The Church of England encompasses Anglo-Catholic clergy with a high doctrine of the Church, and Evangelical clergy with a low. That is what it was set up by Elizabeth I at the end of the 16th century to do: to span both pre-Reformation and Reformation believers; to be the Church of the whole nation. Of the first group, it never held the loyal Romanists, and of the second it began to lose the hard sola scriptura people within a century; and between the clergy of both groups who stayed, the struggle for dominance has persisted. But the main body has seen the importance and rightness of comprehensiveness, of including as many kinds of believer as possible.
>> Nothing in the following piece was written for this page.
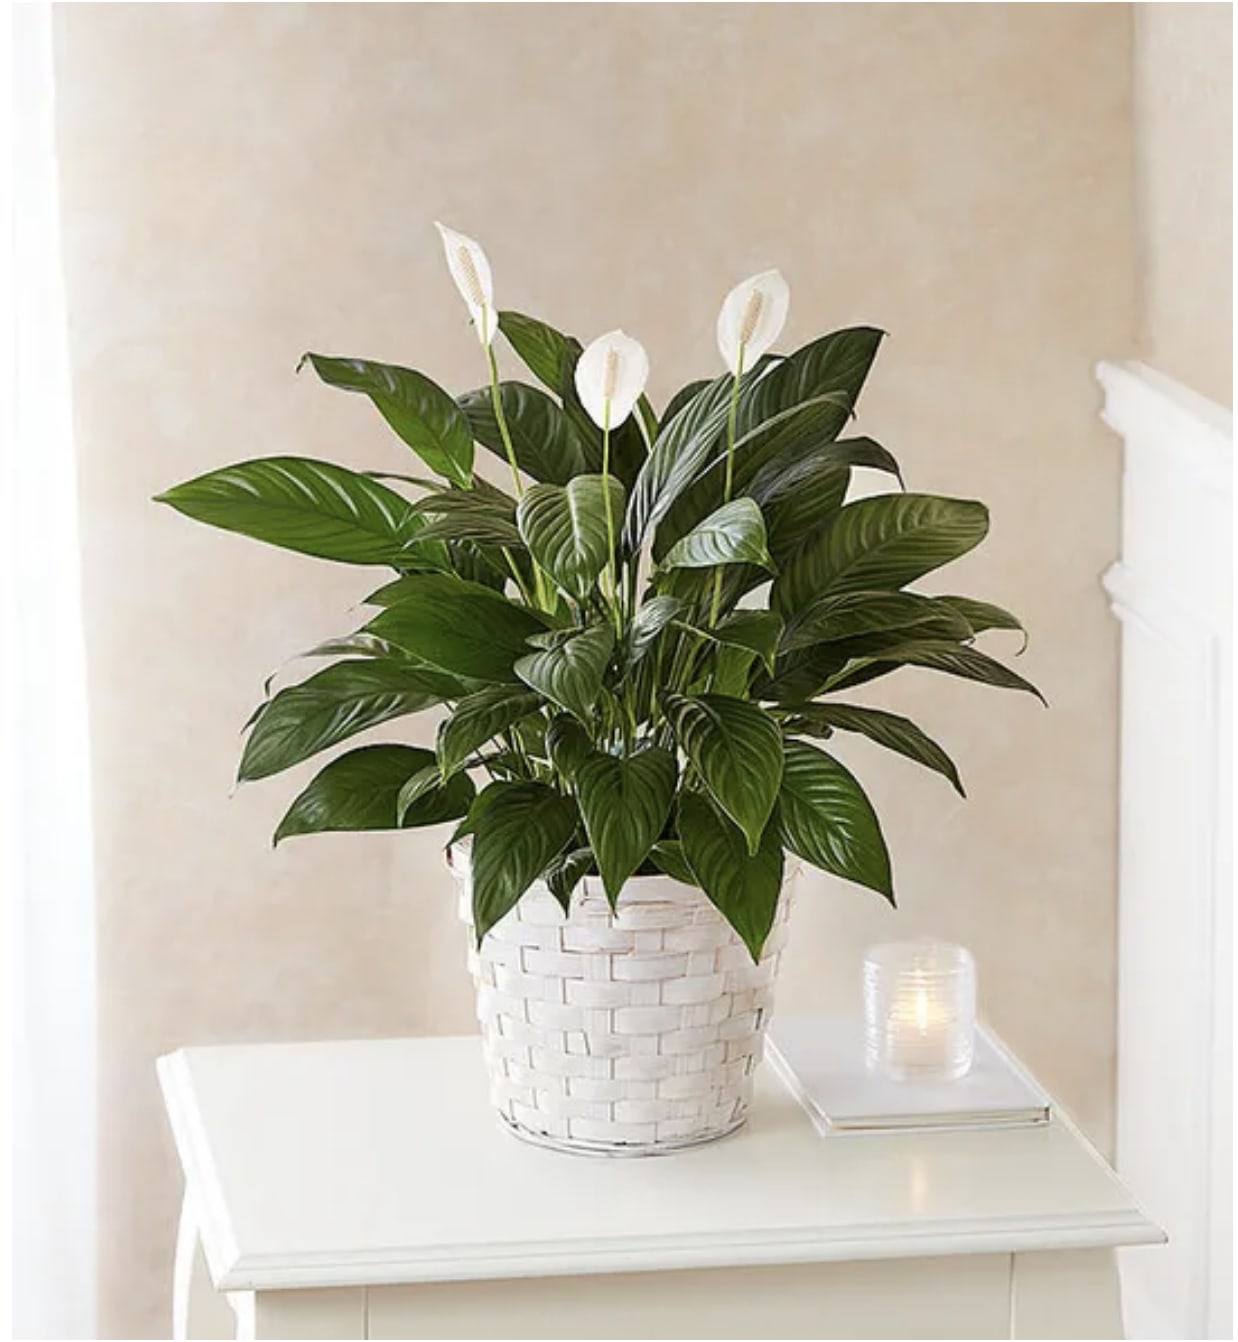 Peace Lily Plant | Spathiphyllum - Like many plants, peace lilies carry symbolism. The peace lily's meaning is associated with sympathy, healing, hope, purity, and—naturally—peace. The plant is commonly given as a gift to those who have lost a loved one.  Its broad, dark green leaves, tall stem and white bracts create a calming presence in any space, while serving as a warm reminder that even though someone may be gone, their memory lives on.  This beautiful Peace Lily plant (Spathiphyllum) will bring elegance and content to any home. As well as being a certified peace symbol — thanks to their striking white flowers — they are also renowned for their air-purifying abilities. People often gift this plant as a sign of everlasting life to people facing loss or hardship.  Easy to care for, this indoor plant prefers partial shade and just a touch of water. They make a pretty addition to any bedroom, and improve air quality.  Note that peace lilies are toxic to pets and people if ingested,  so be mindful about where you place a peace lily in your house.  Please Note: Plants are living things; each one is slightly different, so the plant you receive may vary from the photo. This plant is delivered in a 10-inch diameter planter pot for easy transport and repotting.  Approx Dimensions: 36&quot; H

The dispute over whether it can admit women as priests has been the most public test of the Church's comprehensiveness. It has come out well. The bishops have been at pains to make sure that people on the losing side should still have their views honoured as falling well within the range of defensible belief, and should be cared for by bishops they could trust. It has shown itself to be a Church that acknowledges independent thought, permits dissent, and manages disagreement. There are plenty of people inside it who wish this were not so, and would like the Church to think only as they do; but they too are accepted. It contrives to tolerate even intolerance.

But the obligation to be everywhere, and to be the Church of everyone who belongs to no other, is expensive. The Church of England is reproached for being unlike other denominations in not paying the whole of its own salary bill: two-fifths is paid by the Church Commissioners out of historic endowments. (The proportion is to decline over the next three years to one-fifth.) But every church kept open costs money in staff, however thinly provided. The one economically comfortable course would be to serve only those places where there was a regular congregation of fair size. Other denominations are able to do that precisely because the Church of England chooses not to. Financial efficiency is very difficult to square with universal provision.

Thousands of valuable buildings are maintained, most of them medieval. Contributions come from the state, and business, and tourism; but the chief burden of care falls on the cleric in charge of the building, and on the regular worshippers there.

Besides all that, the Church of England is a huge philanthropic force. Most of its fundraising is for causes outside itself. In the past six years the Church Urban Fund has raised more than pounds 20m from Church of England churchgoers for schemes designed to make life better for people who live in depressed city neighbourhoods or on run-down housing estates.

Christianity is a religion of love. By precept and example, its founder commended the ideals of service, of humility, of valuing all human beings at the same high level; of self-giving. Like every Christian denomination, the Church of England lives in the light of that standard. Since people are human, it gets a lot wrong. It can nevertheless claim to be a paradigm, however imperfect, of the love shown by the God it tries to serve.

The writer is the editor of the 'Church Times'.